When it comes time to share with other organizations, send them your data not the original media. Truxton stores information in the database in a way that allows it to be safely shared with other installations. If you have media that contains information of interest to another organization, you can export it from your Truxton and imported into their Truxton without fear of overwriting any of their data. This design also helps when there are too many users are querying the database at the same time. An overloaded database server can be replicated another server and queries handled split between them.
Storage
Truxton stores the files extracted from the source media in large files called data depots. All of the files from a hard drive will be stored in a single depot file. This is done to reduce the burden of managing millions of files from the operating system. Instead, let the operating system manage a few large files instead of lots of small files. When you store millions of files in a directory structure, the operating system begins to suffer from having to perform database-like tasks. Given 10 million filenames, databases are good at searching for the right one while file systems are not. The database has a table that tells you which depot file contains the desired file contents.
Things that a user wants to find are stored in the database. Things the user wants to see are stored in a depot.
Velocity
Truxton was designed to utilize multiple machines exploiting multiple pieces of media simultaneously. There is never a need for an investigator to wait until processing is complete before beginning their analysis. This exploitation process runs in the background without human intervention, 24 hours a day, on weekends, it never tires. You can dynamically tune the process to get the most performance for your type of data.
Truxton will accelerate to the speed of your machines, from a laptop to a rack of servers. You choose which is best for you.
Roles
Lightly Trained Users on a Laptop
Organizations can't have fully trained staff for everything but they can teach people to perform tasks. This typically happens in small offices where you have people that just want to see forensic reports and not be confused with a bunch of digital forensics techno speak. Teach them how to image seized phones, thumb drives and hard drives. Put those images into a folder on an external hard drive. The user would then right-button on that folder, hit the Easy Button and wait for a browser to appear with a list of all artifacts found in all of the seized media.
Subject Matter Expert on a Network
Just show me Autocads. Glance-able cross case correlations.

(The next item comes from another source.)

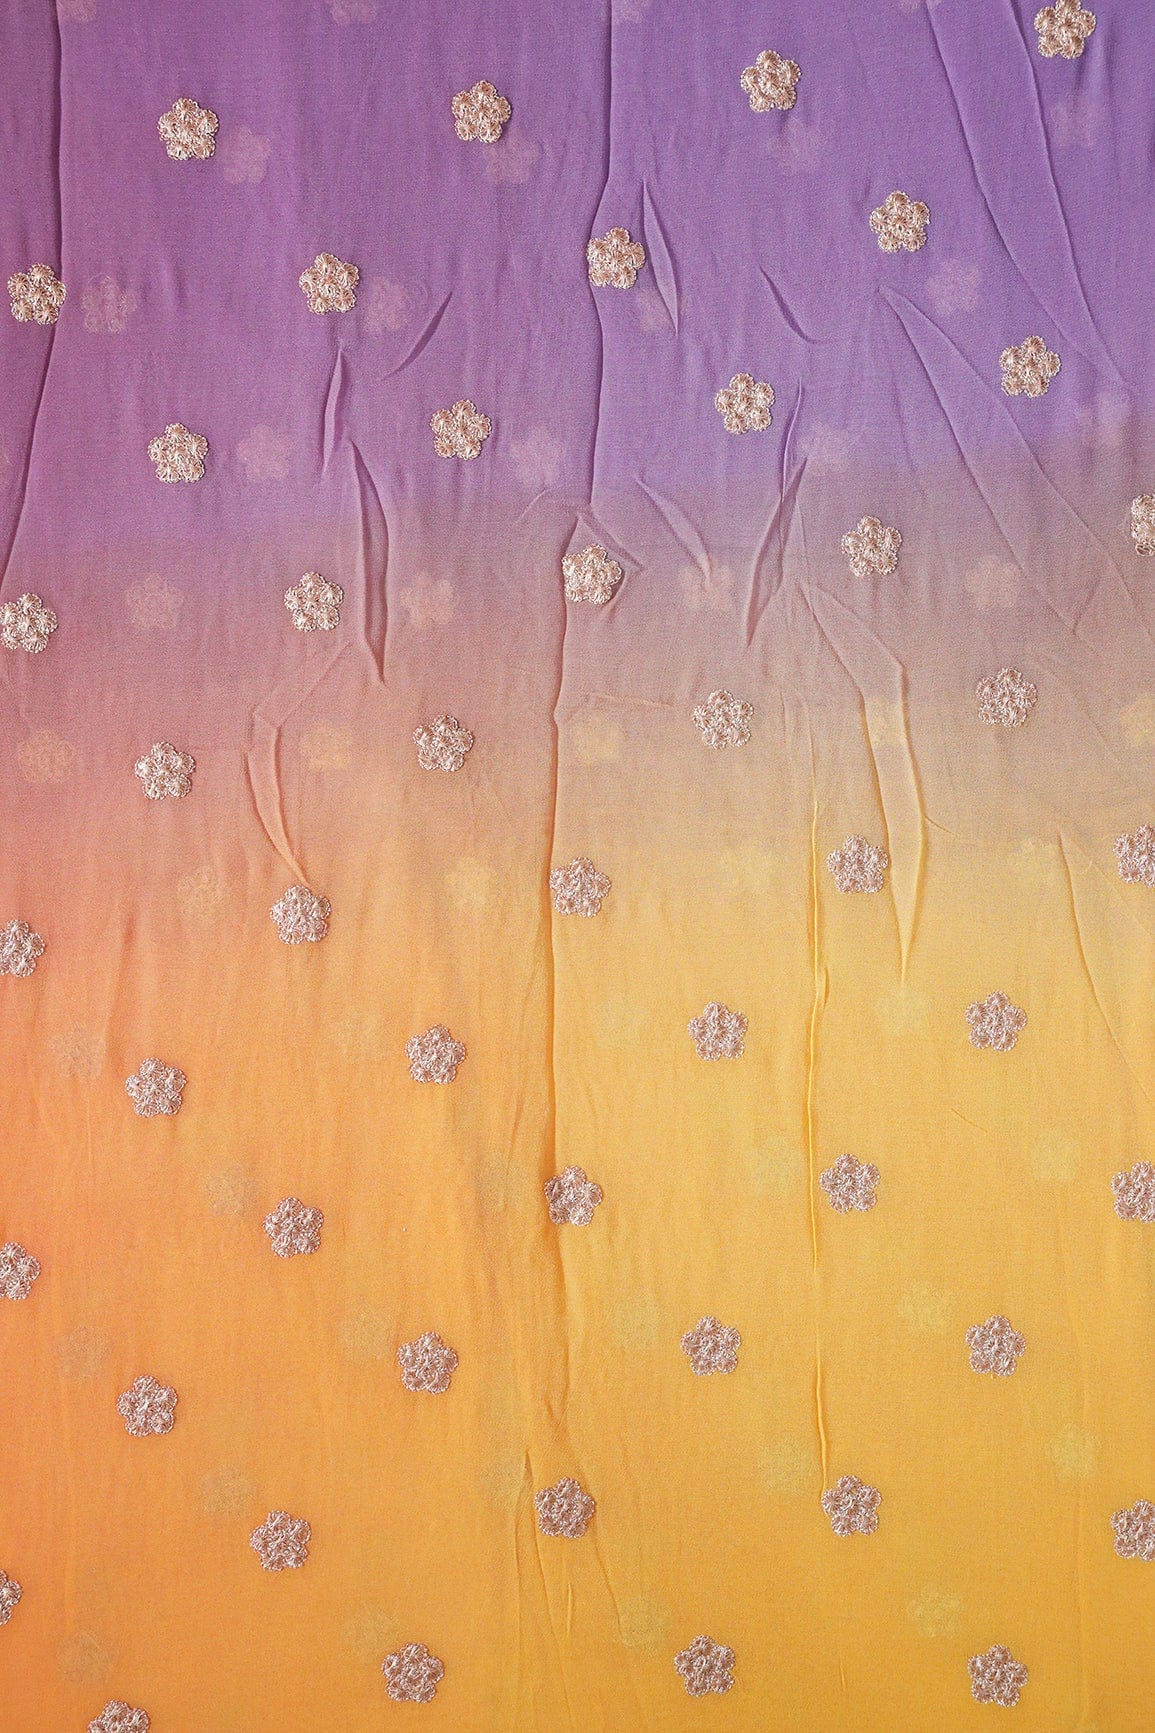 doeraa Embroidery Fabrics 4 Meter Cut Piece Of Gold Zari Small Floral Embroidery On Multi Color Viscose Georgette Fabric
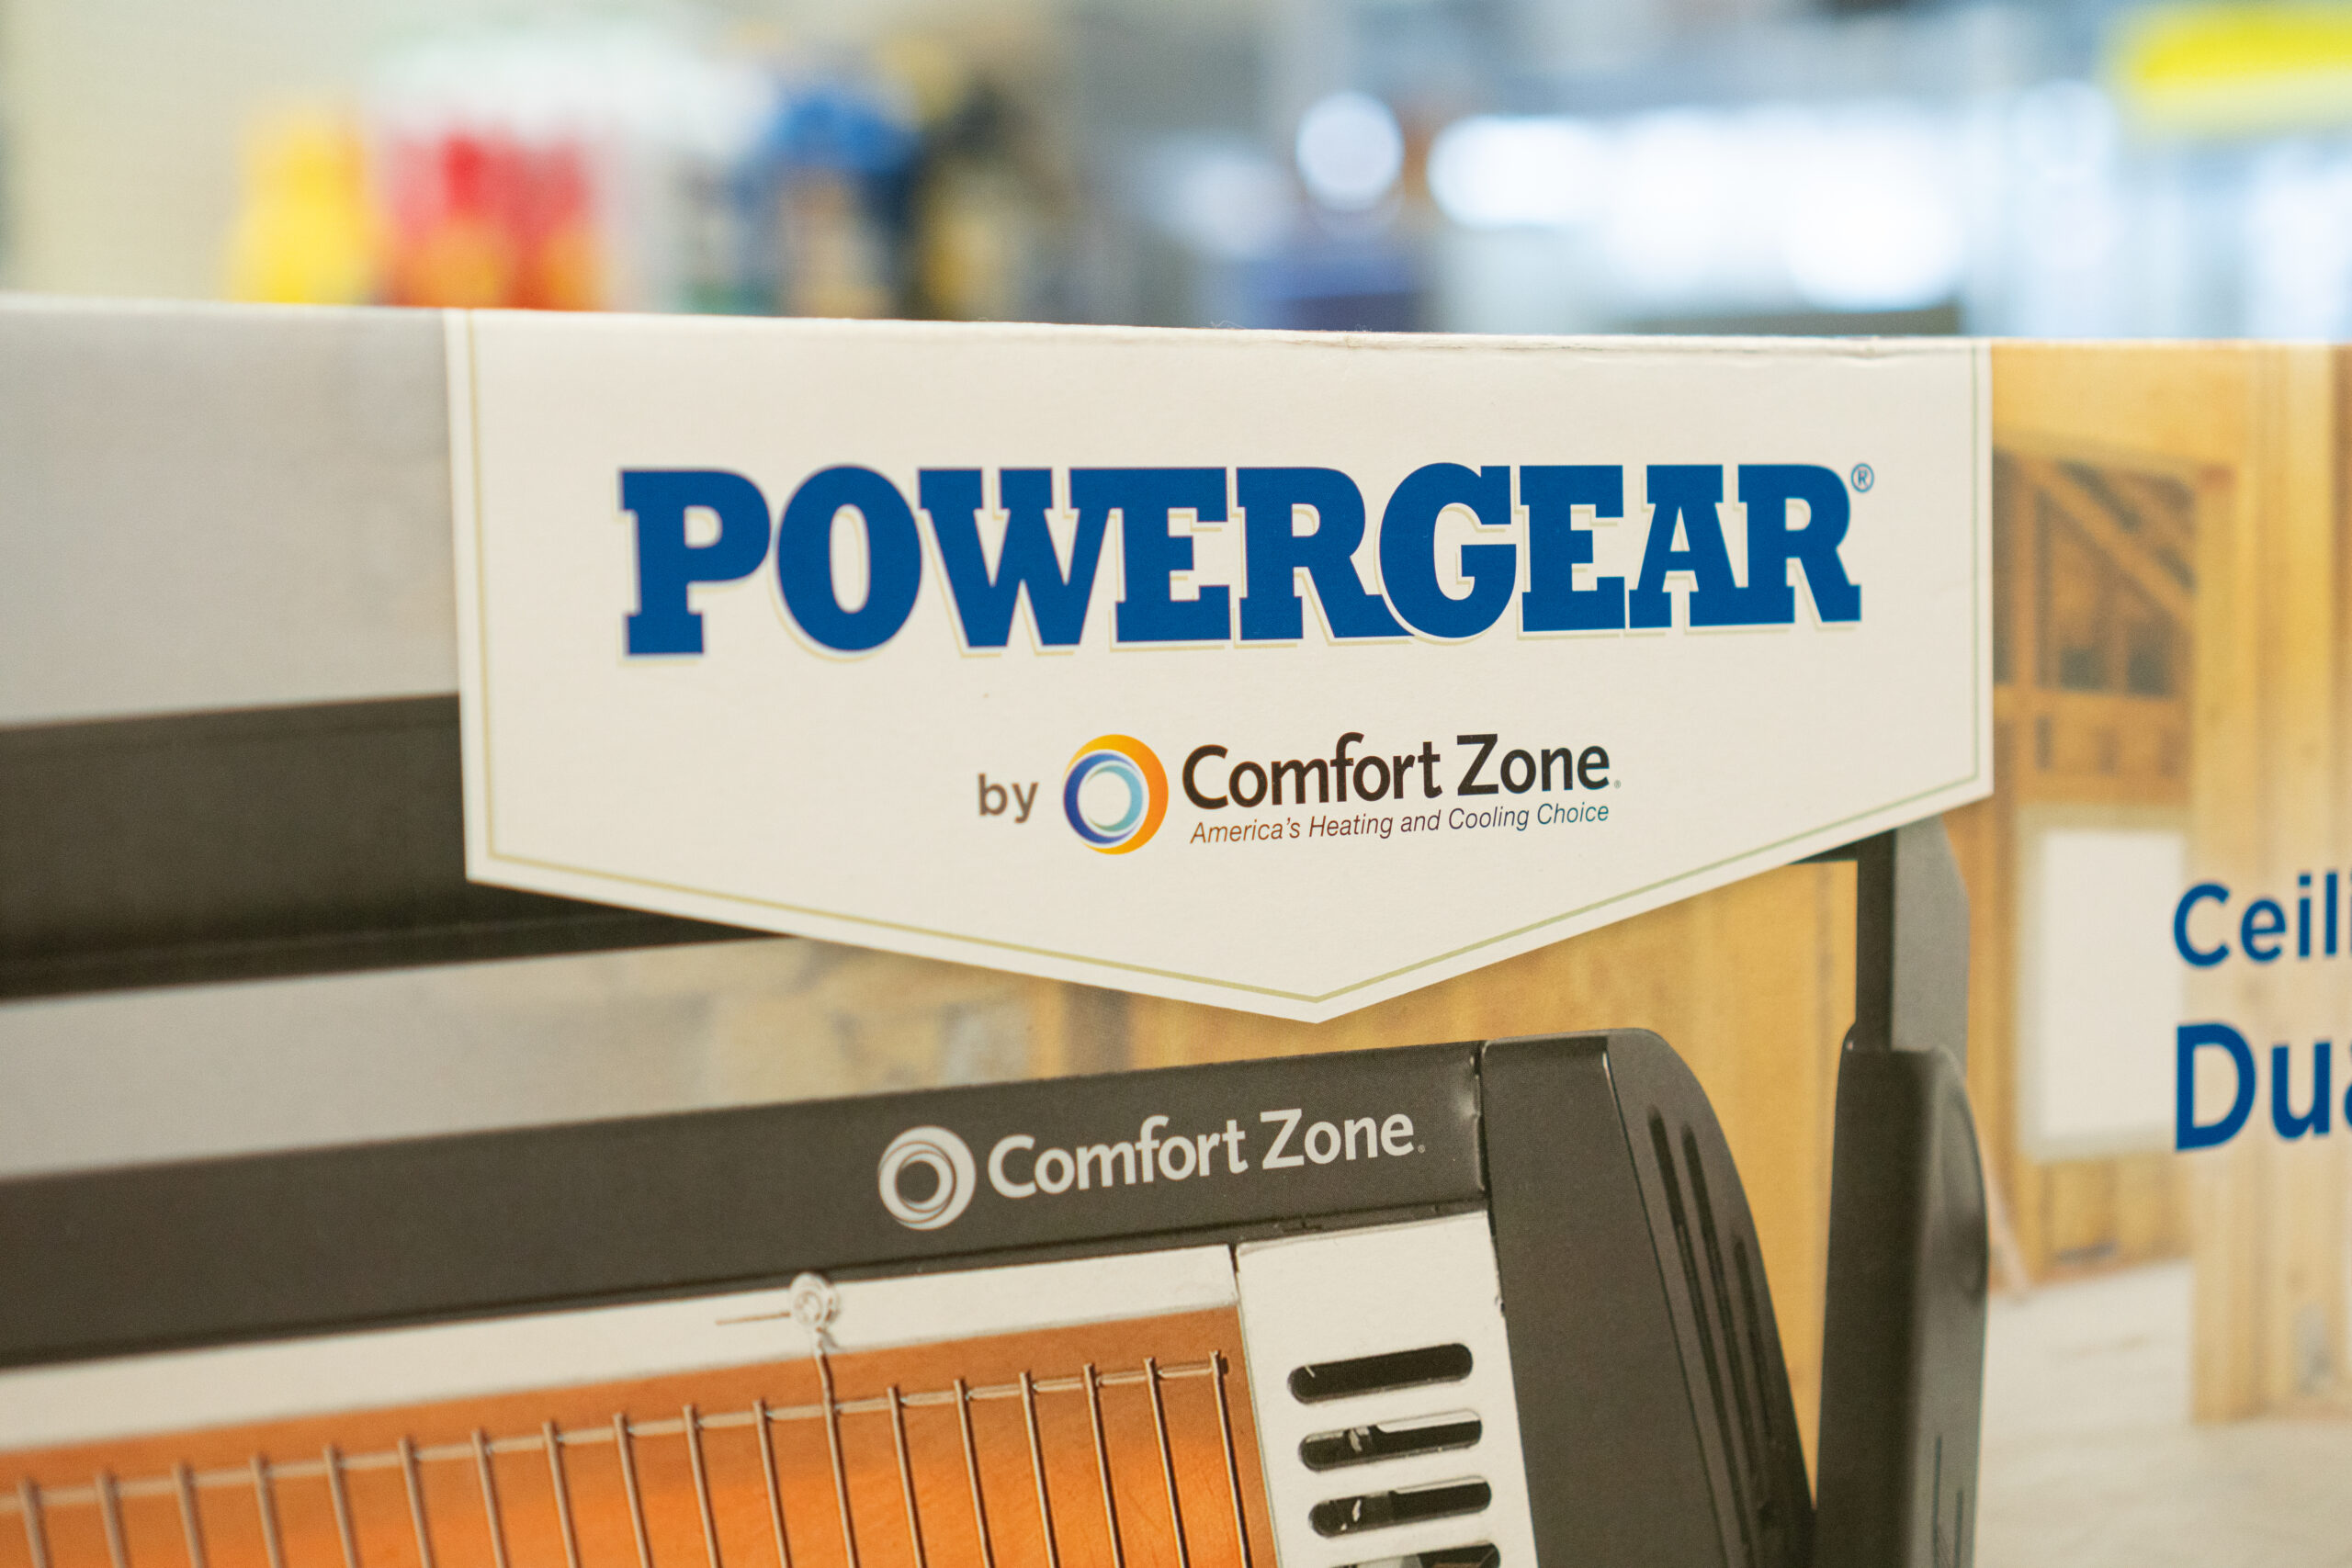 The PowerGear Logo on the packaging for a heater.

Large Organization in a Data Center
This is industrial scale forensics working 24 hours a day. Raw data comes in using a system such as NiFi, it is logged and queued for exploitation. Truxton is installed on dedicated loader machines, or VMs, and gets things to load from a queue. As media exploitation completes, status messages are sent to a chat room. Quality control checks are performed and the data pushed to the team's instance of Truxton. Summary reports are generated and delivered to the owner's of the data letting them know there's new media to investigate. Different types of artifacts are extracted and sent to internal systems for analysis.